> Records for this exercise
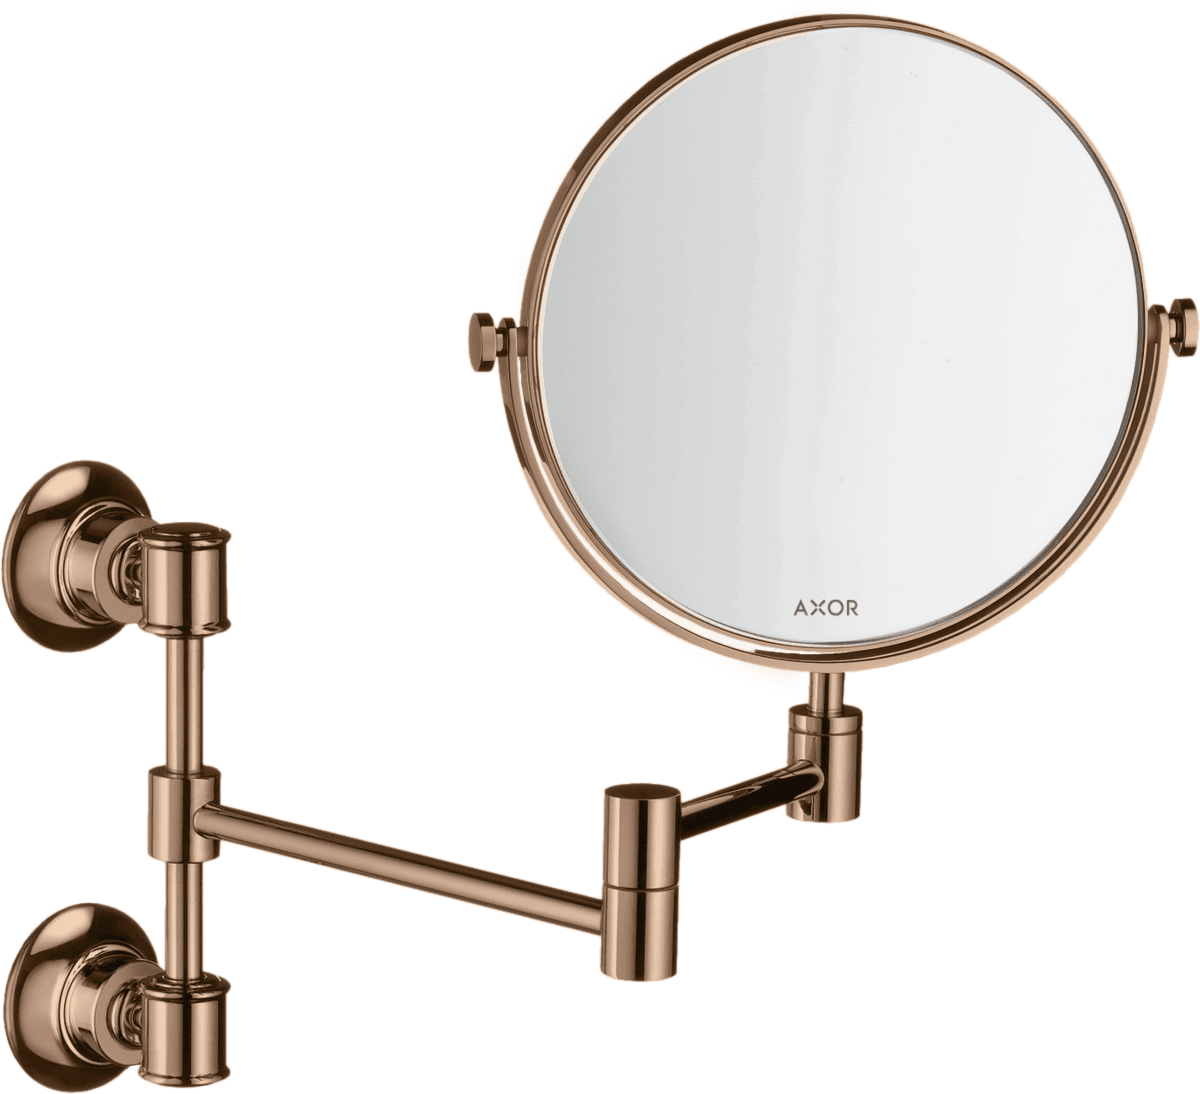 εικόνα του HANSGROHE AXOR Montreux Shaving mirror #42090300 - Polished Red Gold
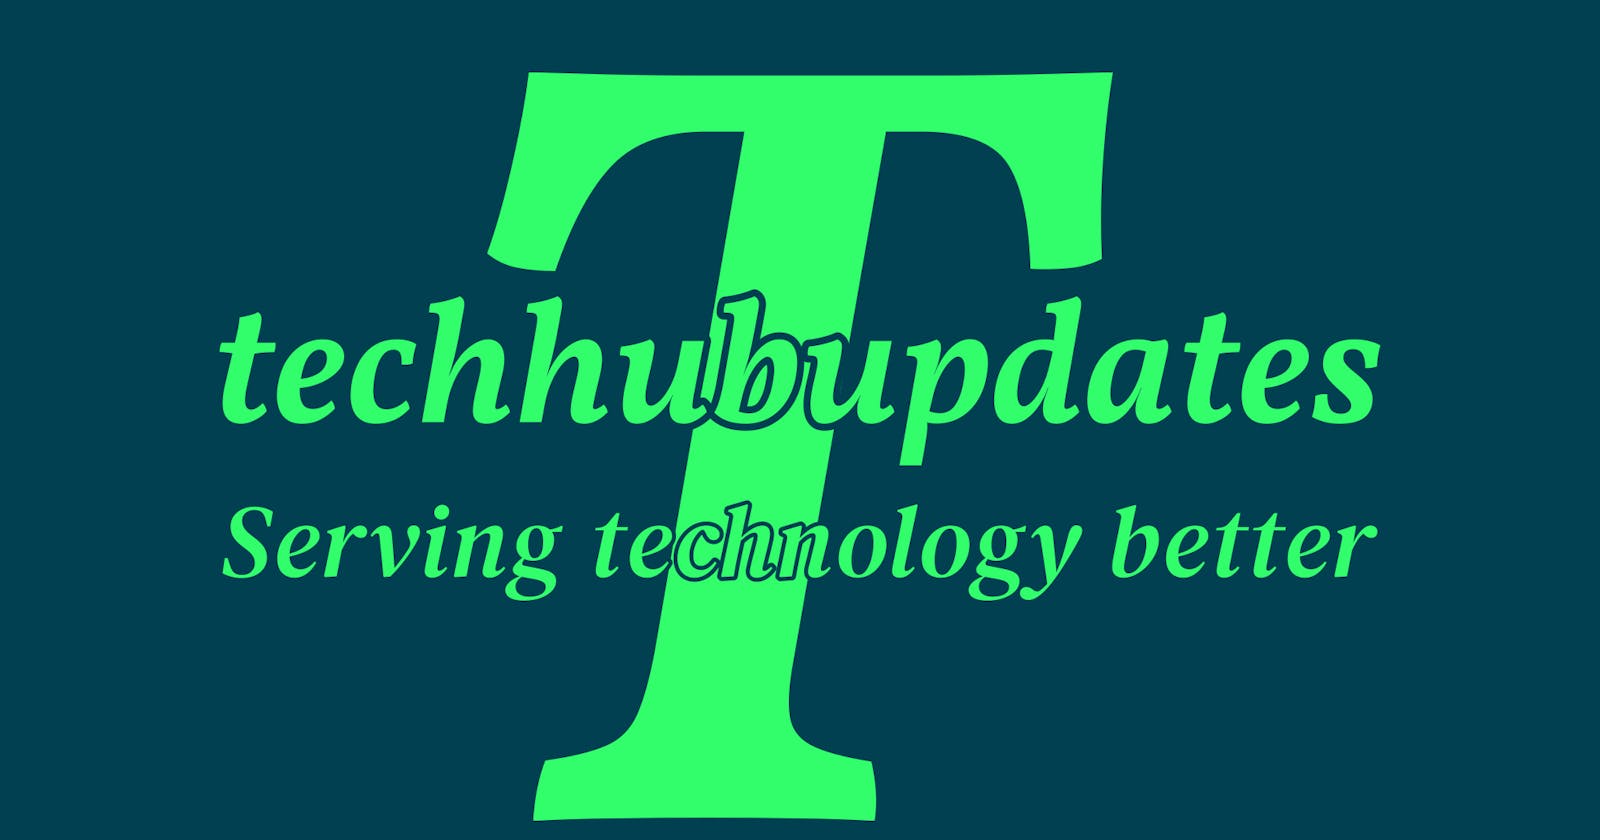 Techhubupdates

==

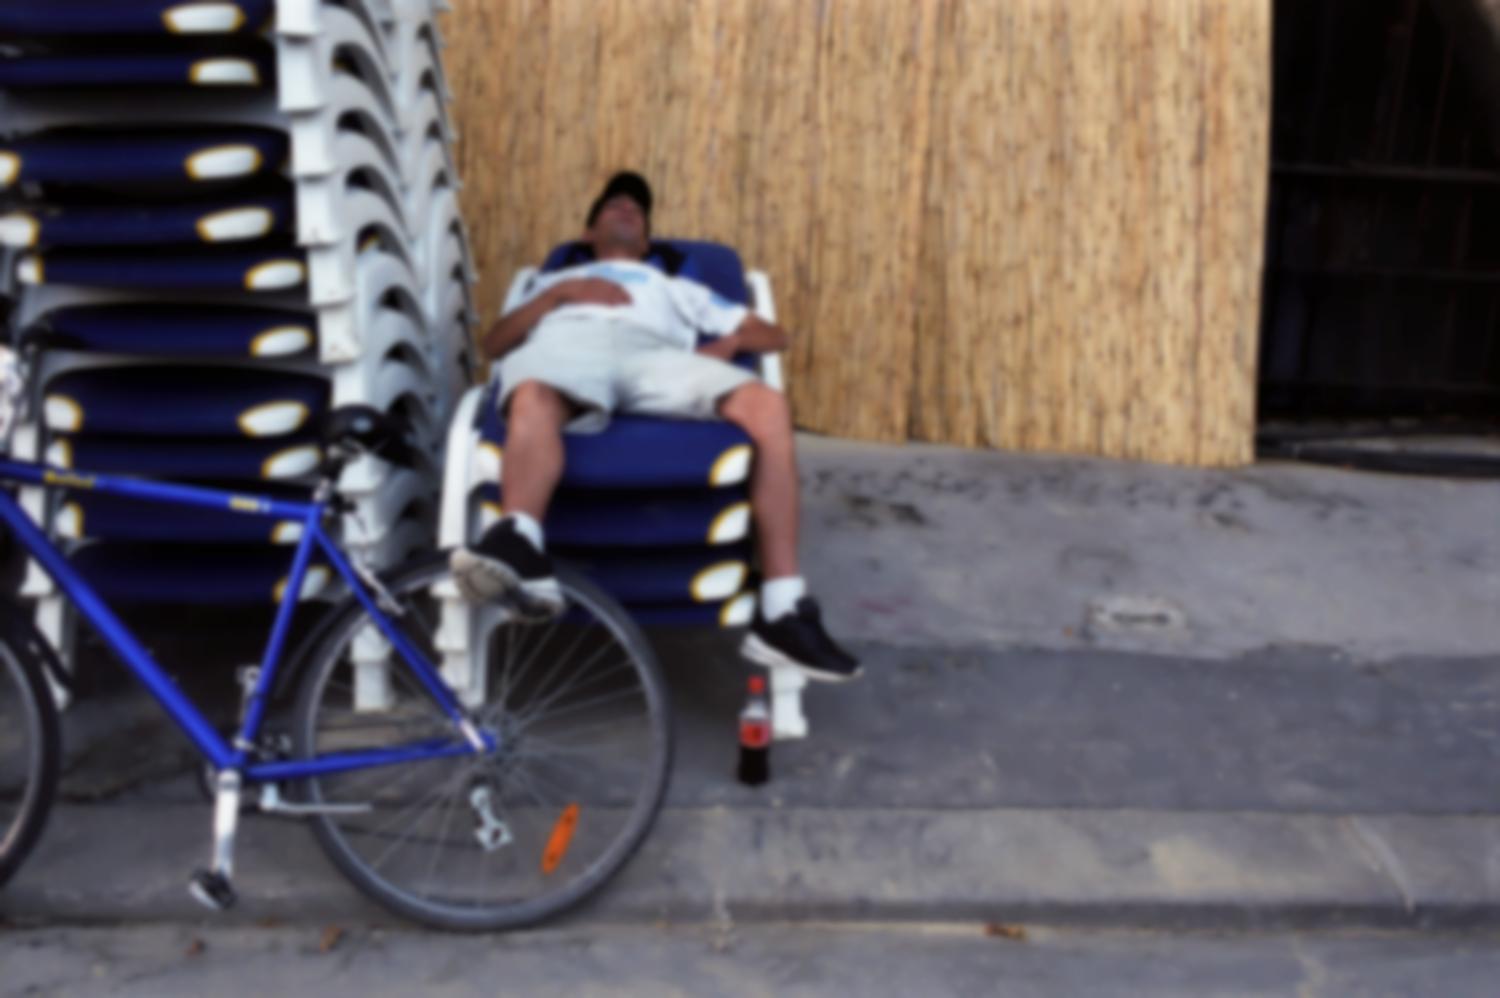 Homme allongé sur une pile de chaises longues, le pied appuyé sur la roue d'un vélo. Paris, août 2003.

* * *

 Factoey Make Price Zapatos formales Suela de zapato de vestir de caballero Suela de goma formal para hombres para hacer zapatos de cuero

> Work order
Restate word for word the lines of the data above that begin at the line with "εικόνα του HANSGROHE" and end at the line with "Techhubupdates", keeping both ends and dropping every picture.

> Response to this task
 εικόνα του HANSGROHE AXOR Montreux Shaving mirror #42090300 - Polished Red Gold
 Techhubupdates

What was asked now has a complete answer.